André Cruchaga
LAS PALABRAS NO DICEN TODO
(MONÓLO)
Busco desde mañana hasta el último día recordado
no puedo ver dónde te olí primero
supiera al menos en qué ángulo te deshojaste desvelada
aquel día fumabas para hacerte máscaras de humo
ahora ninguna te disfraza más que el aire
esa sombra a la izquierda del sol es la que te desnuda
ahora es la mitad negra de tu rostro la exacta
tu realidad es el misterio de la palabra que nada nombra
Gilberto Owen
Las
palabras solas no dicen todo, o no reflejan en su totalidad el caudal de
sentimientos y emociones que conlleva el poema. Estas tienen su momento
histórico, aunque nos dan las múltiples posibilidades de expresión. A veces son
negaciones; otras veces, superfluas como las máscaras. A menudo, heroicas y
respirables. A veces, solo titubeo pensando en toda la historia que me ha
tocado vivir. Hay días en que únicamente decimos éramos. Hay días perennes
reclinados en lo insoluble de los reemplazos. Por más, uno cada día debe
replantearse la horma de los zapatos, el zarpazo, o el simple, pero sublime
vuelo de los pájaros: así se nos insinúa la trama de la vida todos los días,
antes de caer al vacío es menester darle una espiadita a la espuma, a las aguas
podridas que tragan los abismos de la historia.

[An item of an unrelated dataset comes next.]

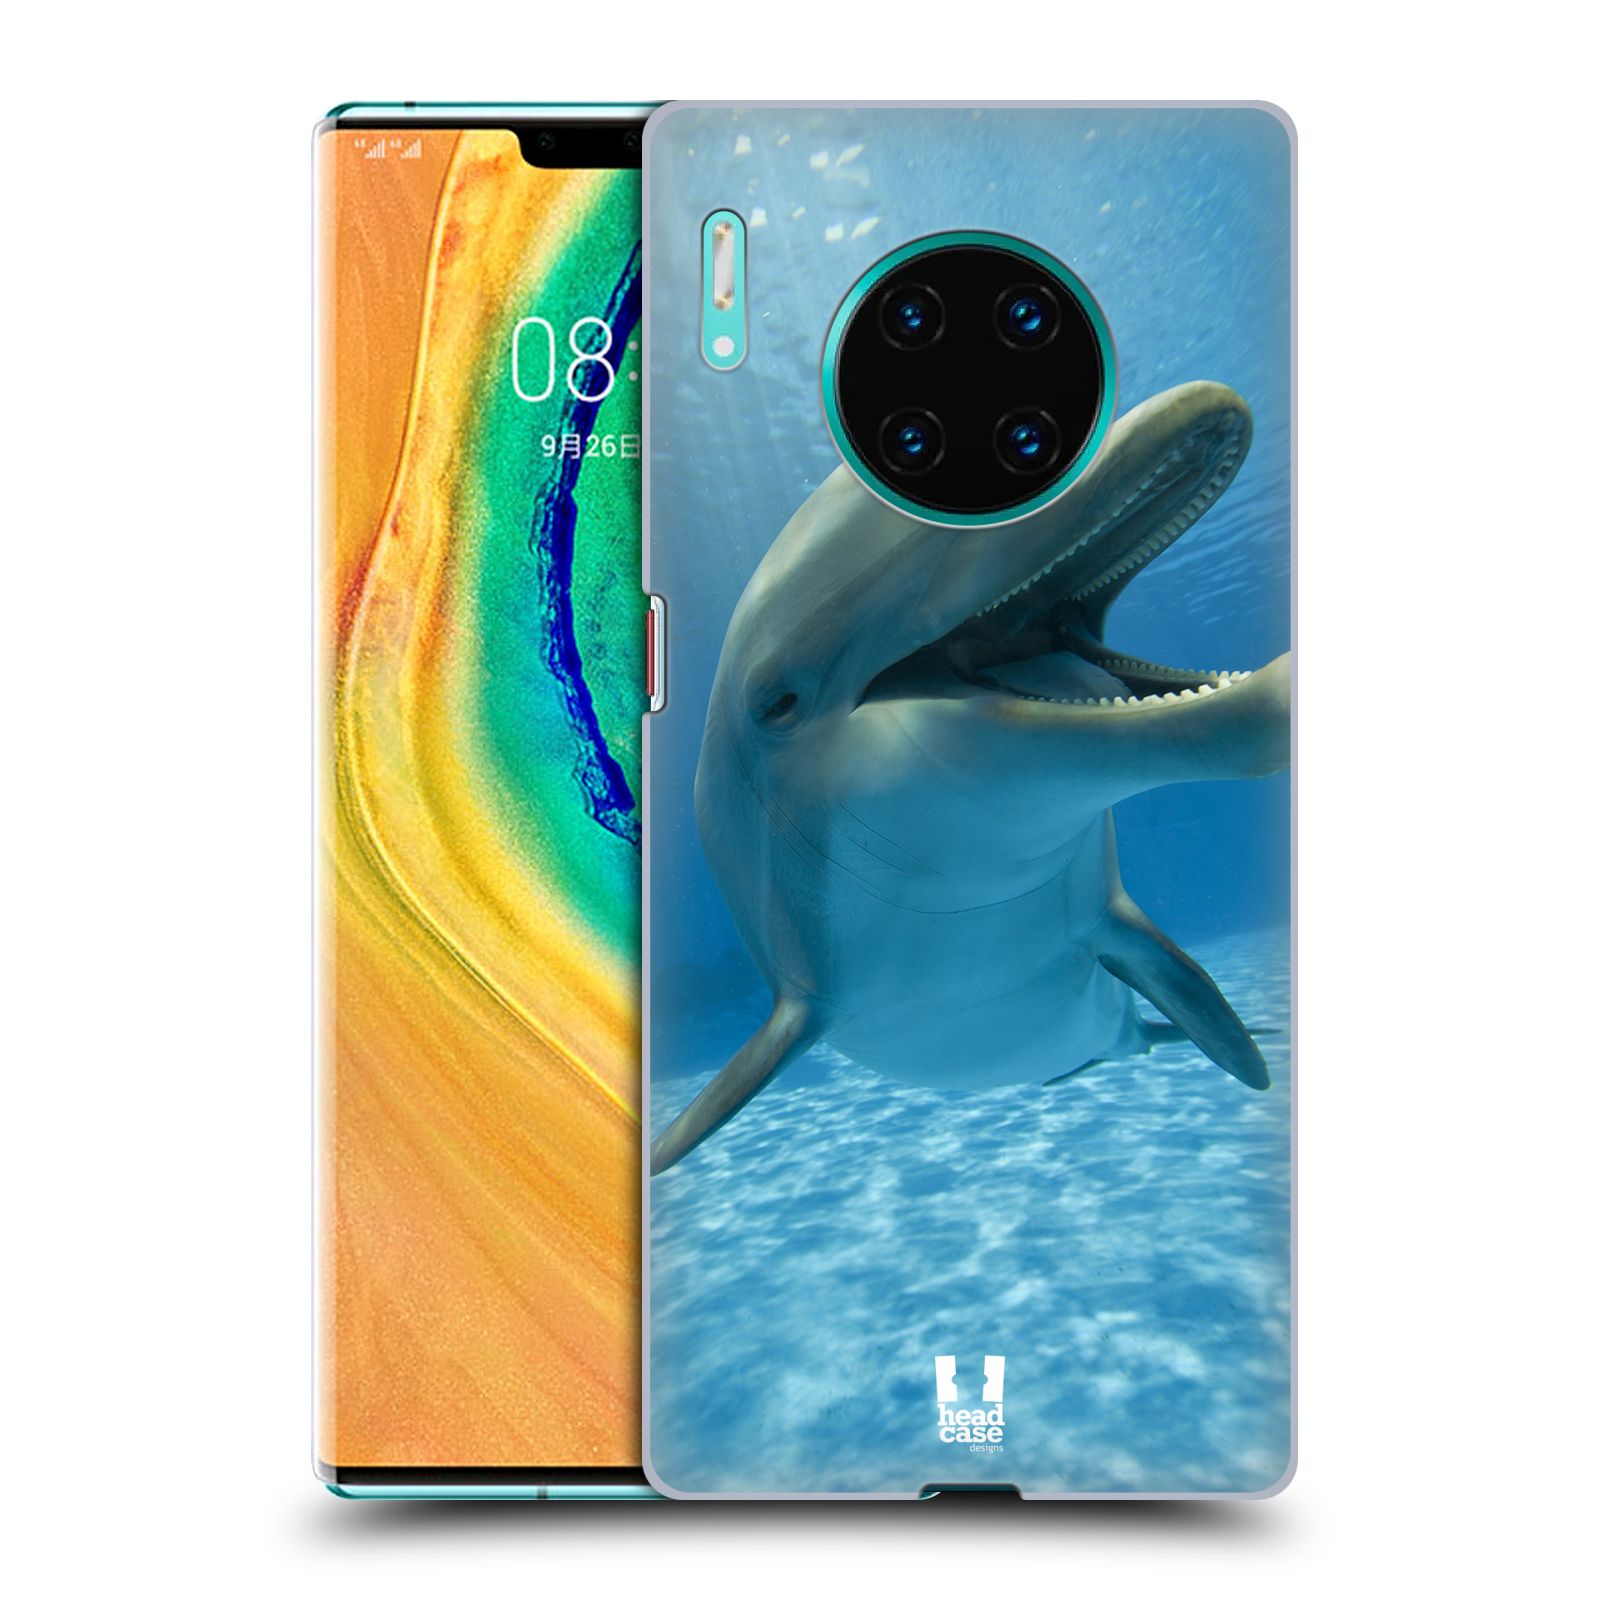 Zadní obal pro mobil Huawei Mate 30 PRO - HEAD CASE - Svět zvířat delfín v moři

Uno puede hablar
interminablemente del mapamundi, de los significados que tiene cada una de las
páginas escritas, de las ambigüedades que acontecen alrededor de las cosas y
las palabras, de los disperso e íntimo que acogen los paréntesis. “Durante
la noche toda la fantasía posible se ve como el pulso quemado/ de la sombra: nadie deja de ser objeto o
número utilitario en el otro ojo/ del juego de cántaros y sedimento de
guacales./ Todo es intenso como los abismos reunidos de la muerte./ Sin
embargo, converso con la humedad de mis tribulaciones; en cada hueco,/ los
actos clandestinos de las obsesiones, los adobes rígidos de los andenes,/ la
servidumbre de la maleza en los lenguajes.” En el rio de las aguas dispersas,
sospechamos de los espejos y de cuanta imagen abulta el ánimo. Nadie puede
dudar que existen horas horrorosas, ya el nacimiento es un solemne extravío: interceden
súplicas y divinidades al instante de los resquicios de los hiatos. Doy por
sentado mi sombro. No soy un renacuajo tirado al sonambulismo de la astrología,
solo alguien que le ha quitado a las agujas su clisé de agudo centinela. Mi
poema es el Evangelio de todos los días, el tiempo que me resucita de los
litorales del alfabeto. Según los tantos nombres que me rodean, procuro no
hacer ruido; no obstante, la peligrosidad es, a menudo, parte constitutiva del
poema. Después de mis ojos hay realidades aludidas, aspectos que la fantasía se
encarga de darle sentido, es decir, direccionalidad. Jamás llevo al cuaderno un
ápice de poema en los bolsillos. Siempre escribo desde mis oscuros
alumbramientos, tosco desorden y sombras, sonríen mientras se quema mi
cigarrillo en medio de los dedos. A lo largo del tiempo he aprendido a
descifrar mis confusiones, y he copulado junto a los sinónimos el significado
de los trenes, el aprendizaje del misterio que tiene la antigüedad, o la
retórica del Paraíso acogedor. A todo el poema yo le llamo vida a pesar de
todo. Celebro cada uno de los preparativos del día, con las manos juntas
arrullo esa larga trenza del poema hasta atrapar los retumbos de los peñascos,
esos que siempre suponen las exhortaciones superiores de los pájaros. Sé que en
la cadena de letras, gira el universo. Uno aprende a sobrepasar las diversas
fronteras hasta que la imaginación borra cualquier delimitación que hace el ser
humano. Yo vivo en medio del ruido de las calles y jamás de espaldas al azote
de los vientos. De seguro habrá muchos que copulan desde las altas esferas del
poder. Y los motive, únicamente, el
hedor de la ranciedad. Otros viven en respiraderos de azufre. En el día a día,
sólo tengo memoria de los trenes cuya demasía es la sencillez y la acción
constante, acoplada, de permeabilizar el horizonte.